Or, Today In Ninnydom.

There seem to be no lengths to which people will not go in our thoroughly debased and de-evolving society to find offence where any reasonable person would do no more than shrug their shoulders and get on with life.

The latest example comes from a Hallowe'en fancy dress competition held in a nightclub in Chester (not a million miles from where I sit trying to type this whilst facepalming).

Two students from the University Of Chester entered the competition by dressing in costumes which updated the theme of horror, by illustrating the towers of the World Trade Center with flames and explosions.

Whatever you might think of this taste-wise, the two young women in question at least showed some imagination; I mean, ghouls, zombies and Frankenstein monsters are all terrible clichés, and the whole thing is ripe for reinvention. So much so that they won first prize (£150 in shopping vouchers).

Photographs of the students in their costumes were posted on a Facebook page. Which is when, with what is now a tedious inevitability, a fabricated shit-storm ensued.

The University (which became such less than a decade ago, having quite happily been a mere College for over a century before then) and its Students' Union both went into pearl-clutching mode, joining together to "utterly condemn the appalling photos", beginning "an urgent investigation" and threatening to take "the necessary action".

(There is, by the by, no indication in the story that either the University or the SU were in any way involved in organising the event in question. That was never going to stop them, of course; no mere fact like that ever does).

We've been here before so many times, haven't we?
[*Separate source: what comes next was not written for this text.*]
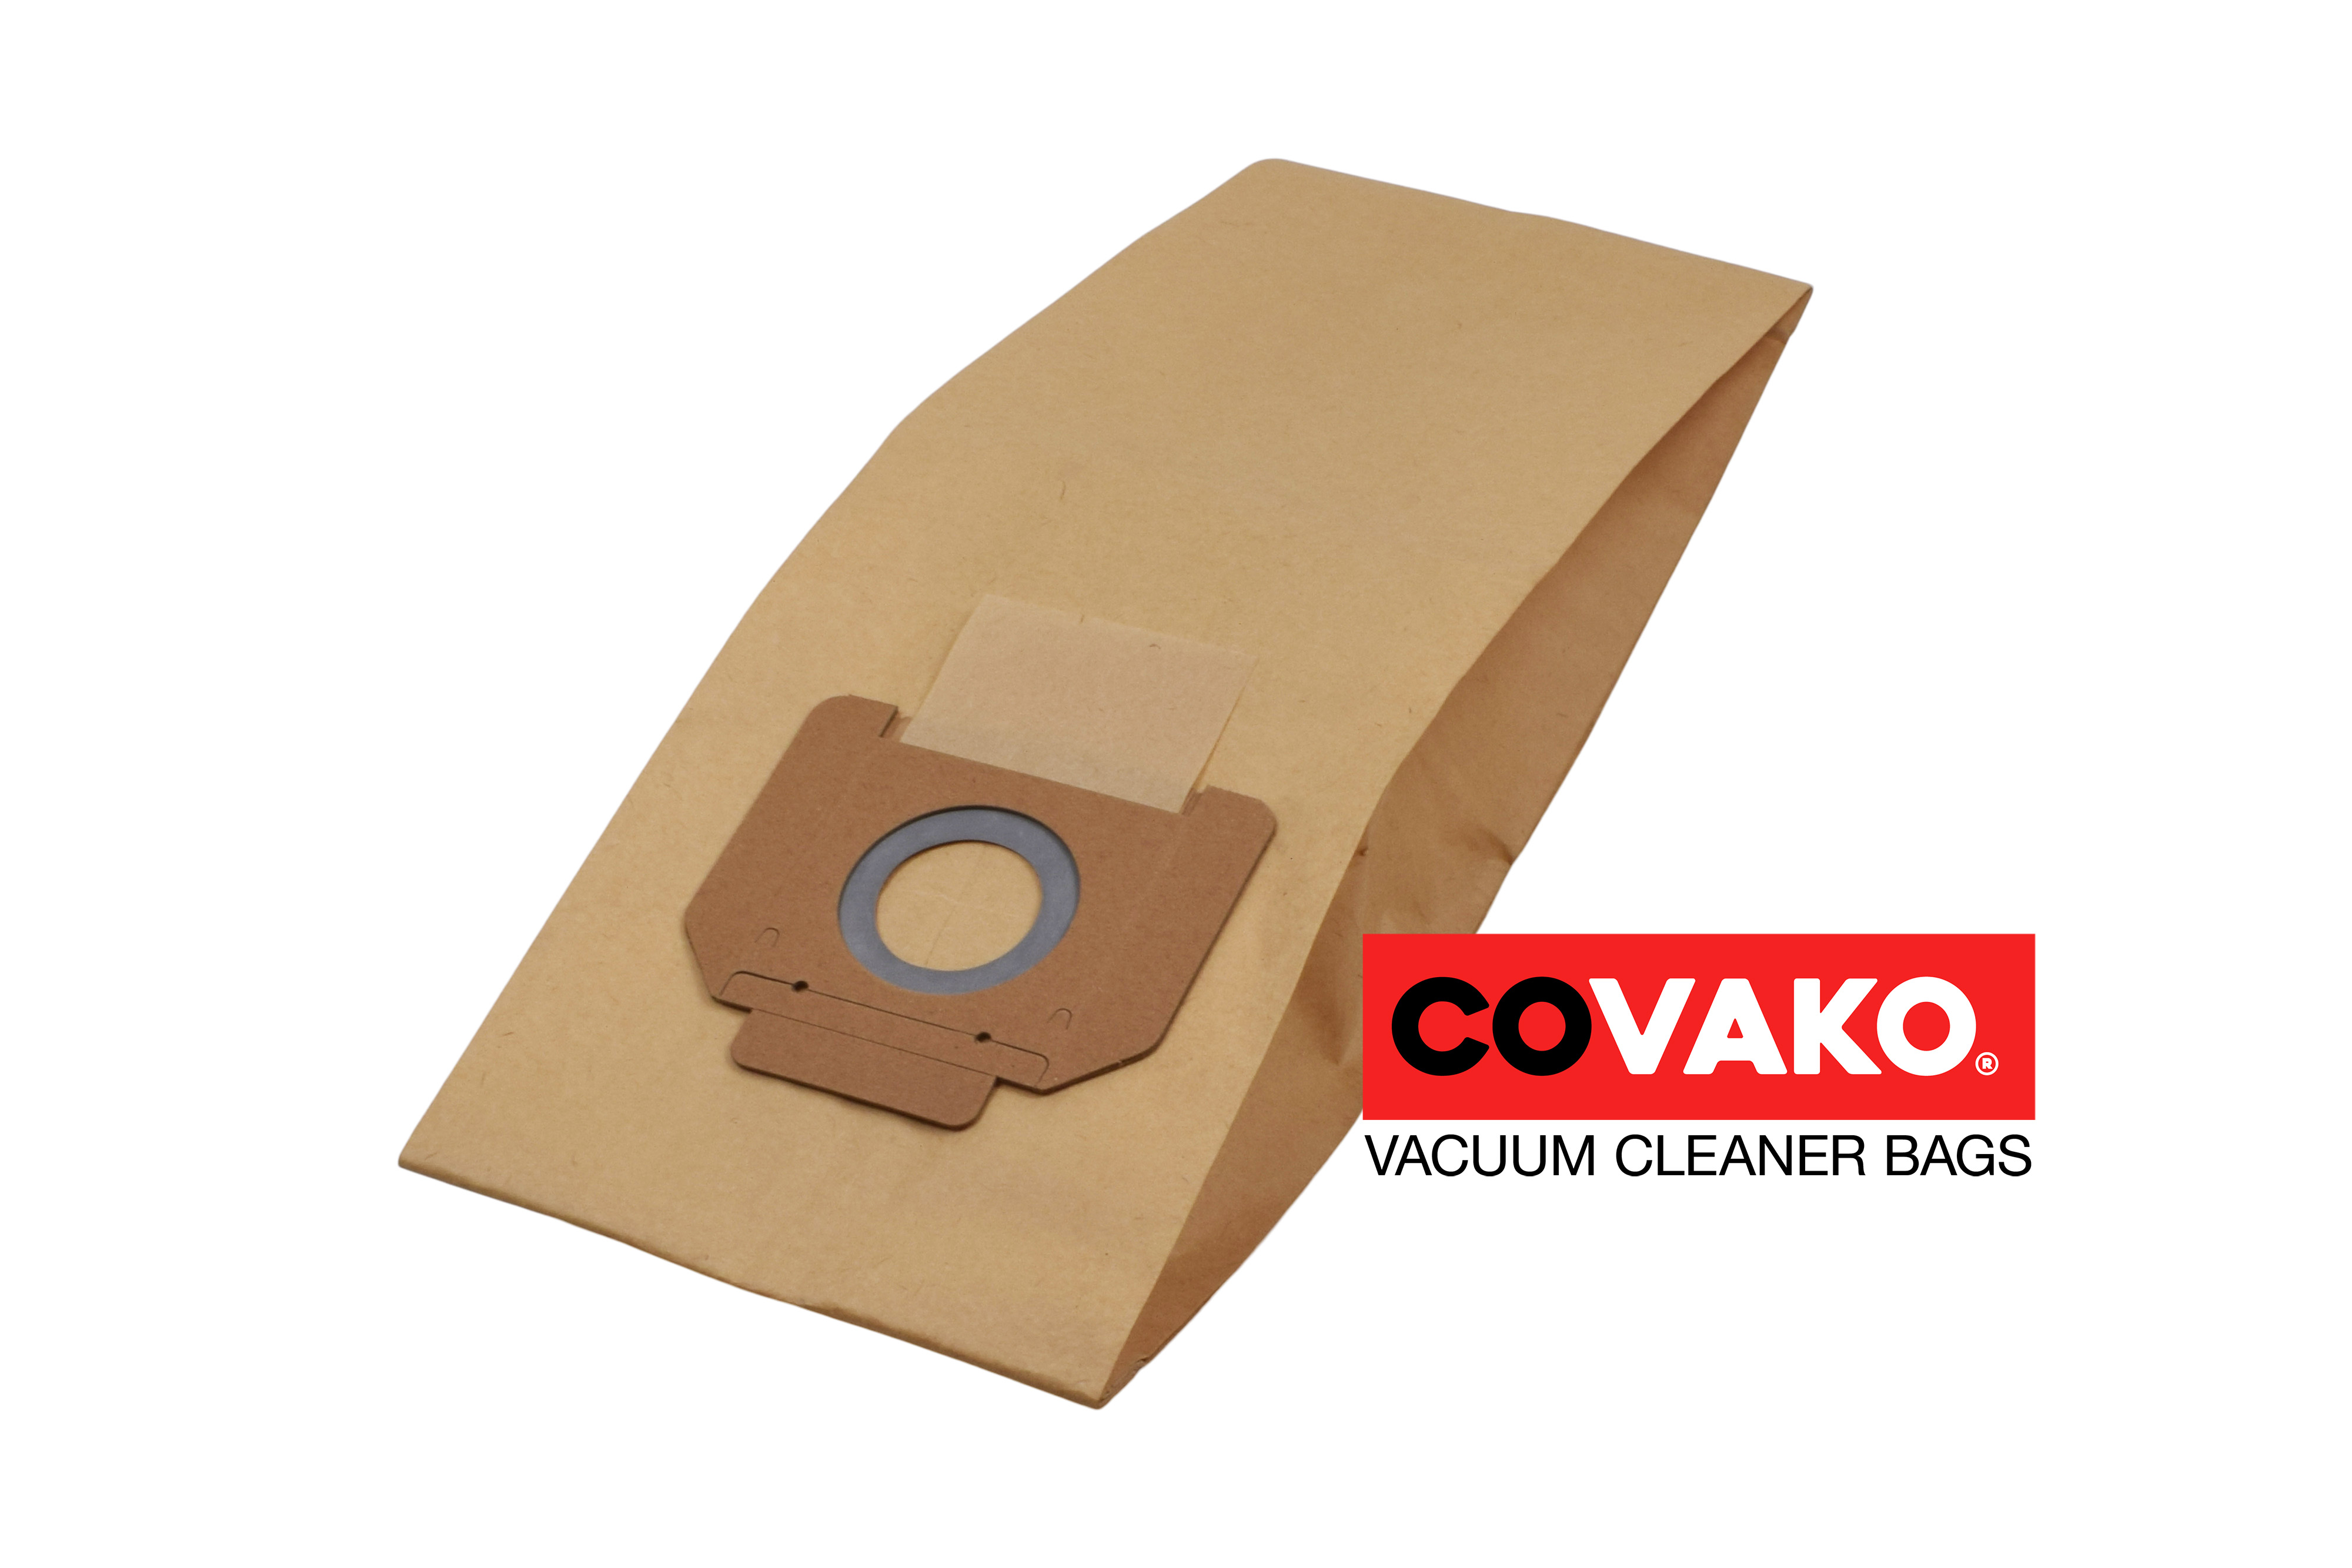 Kärcher A 2731 pt / Paper - Kärcher vacuum cleaner bags

I'd hate to be a student nowadays; we used to think that the administrators of the colleges and (real) universities we attended were regularly to be found somewhere along the axis leading from the incompetent to the downright daft, but at least there didn't seem to be anything of the footling, self-righteous, censorious twattery which seems to be the norm amongst the contemporary rulers of what we are obliged - at least by convention - to refer to as our educational establishment.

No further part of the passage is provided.